Linkam's new automated temperature-controlled stage microscopy-based analytical technique

Technique aims to simplify the route to screening and understanding sample properties

30 Jan 2020
Sophie Ball
Publishing / Media

A new, streamlined hot stage microscopy-based analytical technique has successfully been used to screen the miscibility of drug-polymer combinations. This technique, thermal analysis by structural characterization (TASC), simplifies the route to screening and understanding sample properties.

Researchers at the University of East Anglia (UEA) used TASC in conjunction with a Linkam MDSG600 heating-cooling automated XY stage, mounted on a Linkam Imaging Station equipped with reflective LED light source and a 10x magnification objective. This thermo-optometric setup was used with Linkam’s data analysis software to identify the melting point depression and post-melting dissolution of particles of model drug, felodipine, which were screened over spin-coated thin films of ten of the most commonly used pharmaceutical polymers.

Polymers are widely used to enhance in vivo dissolution and absorption of active pharmaceutical ingredients (APIs), – and drug-polymer miscibility is a critical factor for success in early formulation. A range of experimental characterization techniques, most commonly differential scanning calorimetry (DSC), and theoretical calculations, have traditionally been used to assess drug-polymer miscibility.
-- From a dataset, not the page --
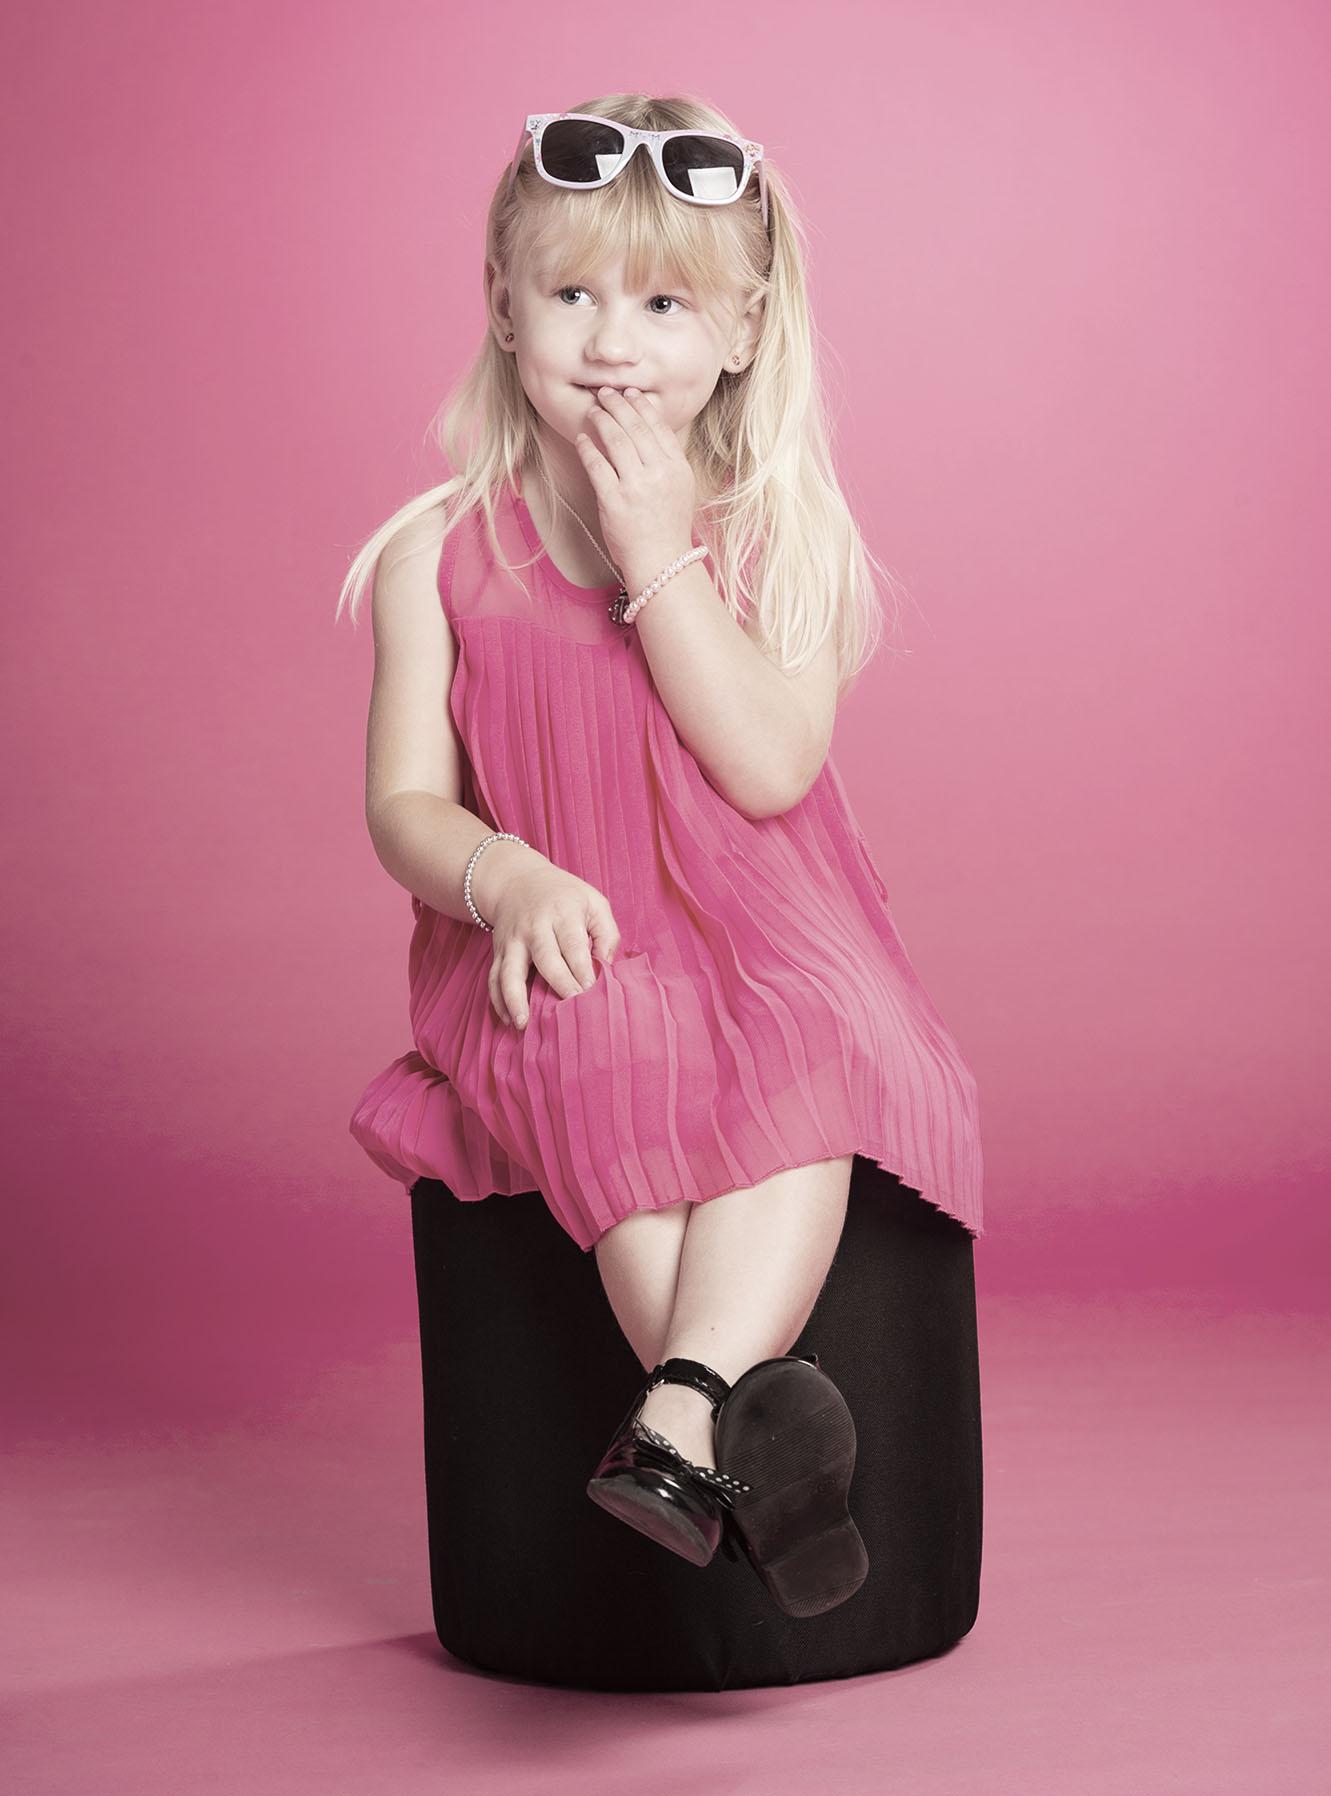 Kinderfoto-Traunstein-Stadler-Studio-Maedchen-Rosa-002

However, the methodology is complex, time-consuming and requires relatively large amounts of material. New research from UEA is set to improve and simplify this methodology by using TASC to detect melting point depression of the drug-induced by the added polymer. This key phase transition was able to be detected significantly faster (20-40 times) than the conventional DSC method, with no loss of sensitivity. Importantly, the quantity of the material required is approximately 1/1000th of that used in a normal DSC experiment.
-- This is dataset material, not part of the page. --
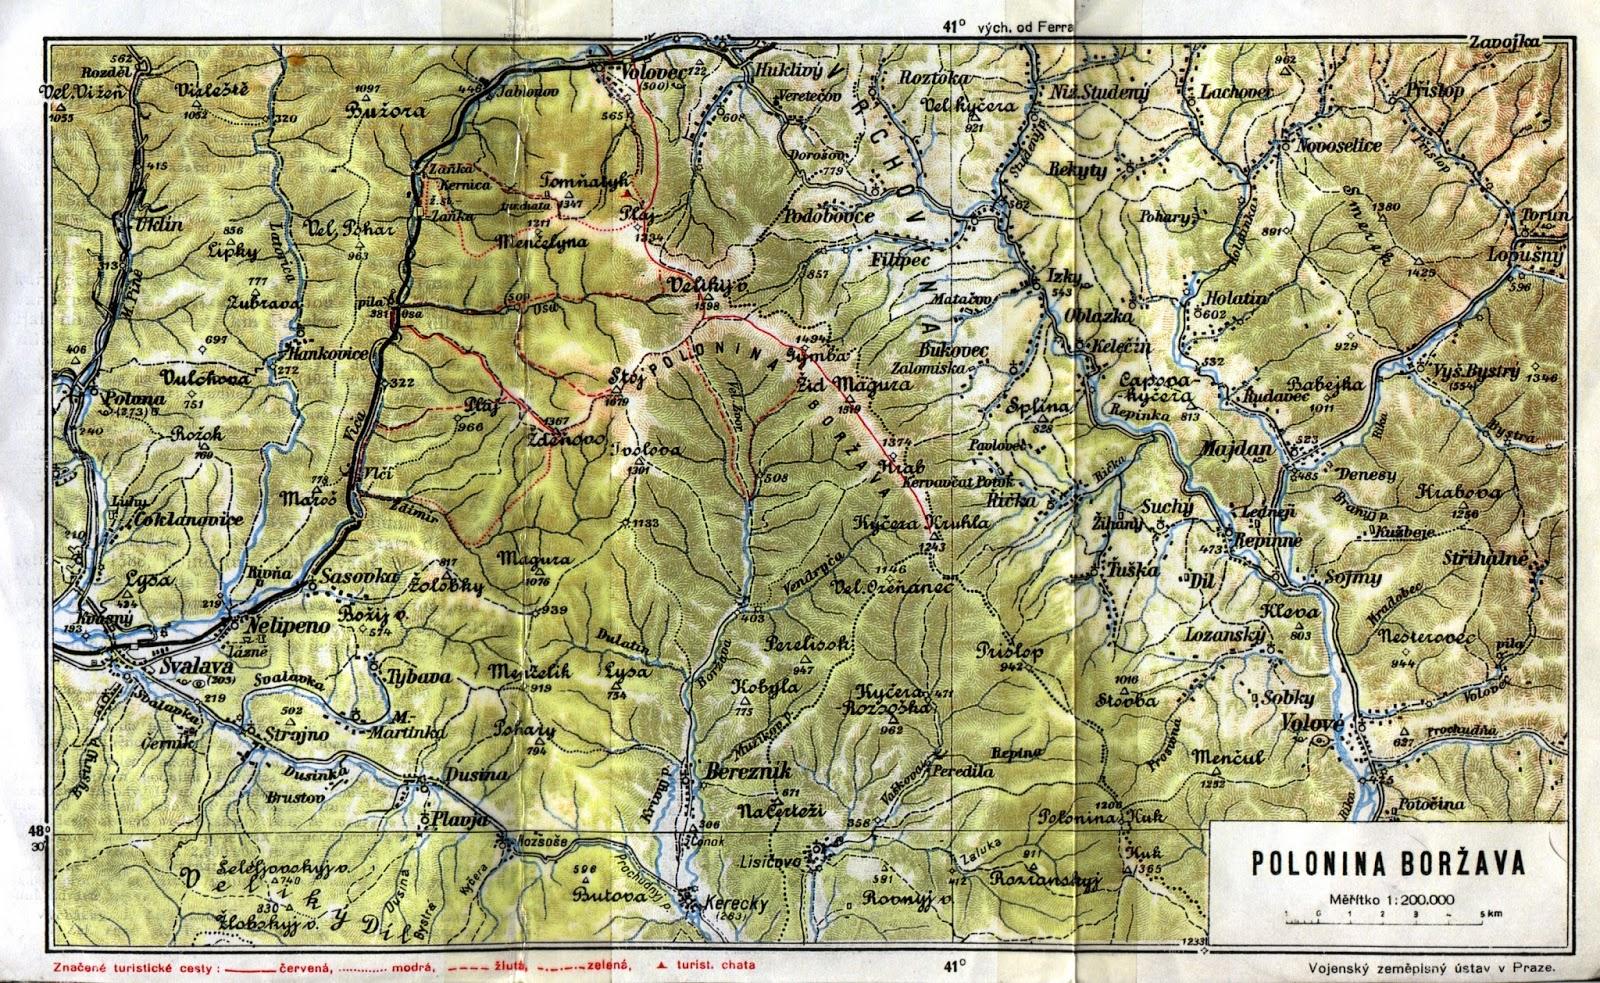 Zakarpatska Ukrajina Mapa Poloniny Borzava

Duncan Stacey, Sales and Marketing Director, Linkam Scientific Instruments comments: “This new method of structural characterization looks to be a valuable alternative to established methodology. TASC is a conventional light microscopy-based method that detects changes in images automatically. It does this by comparing a sequence of images pixel by pixel, so it can focus on very specific local changes, from microscopic regions to large-area phase changes. The resulting image series of the samples captured during thermal treatment (either heating, cooling or an isothermal hold) is taken and the TASC algorithm quantifies the changes of surface features in successive micrographs of samples, giving instant accurate graphical representation of these structural changes which can be plotted against temperature or time.”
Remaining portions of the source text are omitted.